Building a Healthy Back-to-School Routine


Whether you’re sending kids off to school, heading back to the office yourself, or simply continuing to work from home, everyone can benefit from refreshed routines and new healthy habits.


Here are my tips for adults who want to reap benefits from back-to-school routines:


Sleep. If you’re not routinely waking up rested after about eight hours of sleep, think about your pre-bed habits. If you’re snacking and staring at your screen right before bed, try curling up with a mug of hot herbal tea or water and a good book instead. Quality sleep can boost your immune system, energize you, and discourage unhealthy eating. And if you’re a snorer, talk to your doctor about the possibility that you might have sleep apnea.


Exercise. You don’t need to try out for the varsity soccer team, but 60 minutes of moderate aerobic exercise per day will help your heart. That includes everything from dancing to walking to yard work. You don’t have to start at 60 minutes though!! 60 minutes a day is your goal. If you just start with 1 minute and add 1 minute per day, in two months you’ll be at your goal!

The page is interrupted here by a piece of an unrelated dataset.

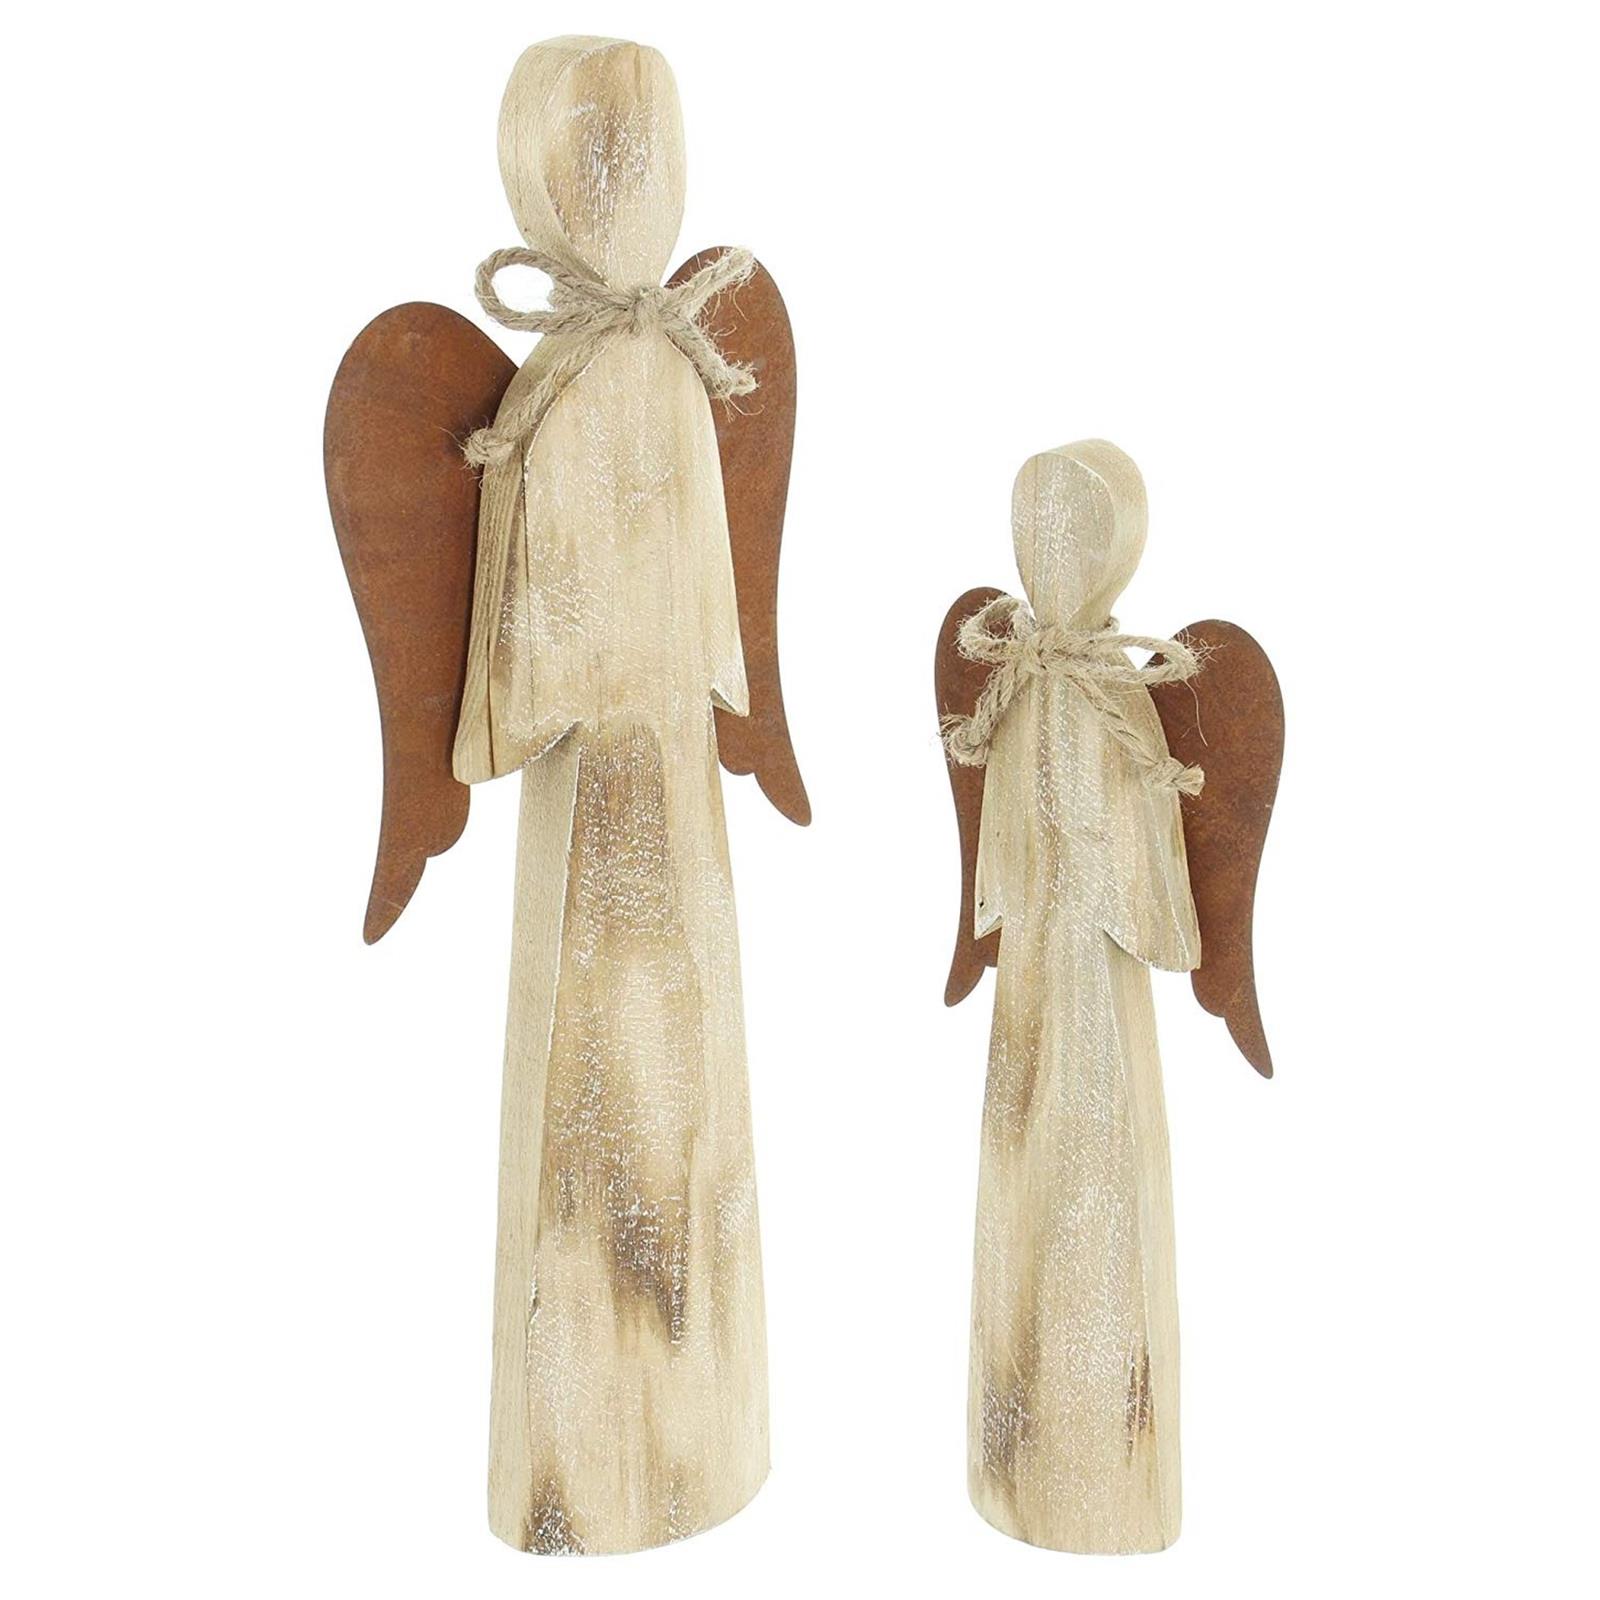 2 Deko Engel aus Holz, 28 + 38 cm hoch, Weihnachtsdeko, Dekofigur,  Weihnachtsengel

Meal planning. Like everything in summertime, meals can get a little lazy, and that’s OK -- especially if it means you’re munching on fresh seasonal produce all day. But once schedules get busy, it’s easy to fall into a trap of fast food without some planning. Here’s what I eat in a typical day -- it’s not time consuming, but it does require a little thinking ahead of time: Step One Foods Oatmeal or Sprinkle for breakfast, a piece of fruit or handful of almonds for a mid-morning snack, a bowl of farro with olives, feta, tomatoes, and pine nuts for lunch, a Dark Chocolate Crunch Bar in the afternoon, and salmon with zucchini and peppers for dinner.


Extracurriculars. Many people had time to pursue new hobbies during the pandemic. Reflect on what brought you joy and prioritize them.


Limit screen time. Setting limits on your teens’ phones? Pat yourself on the back...and then add similar restrictions to your own. You’ll have more time for family and friends -- and your new healthy habits!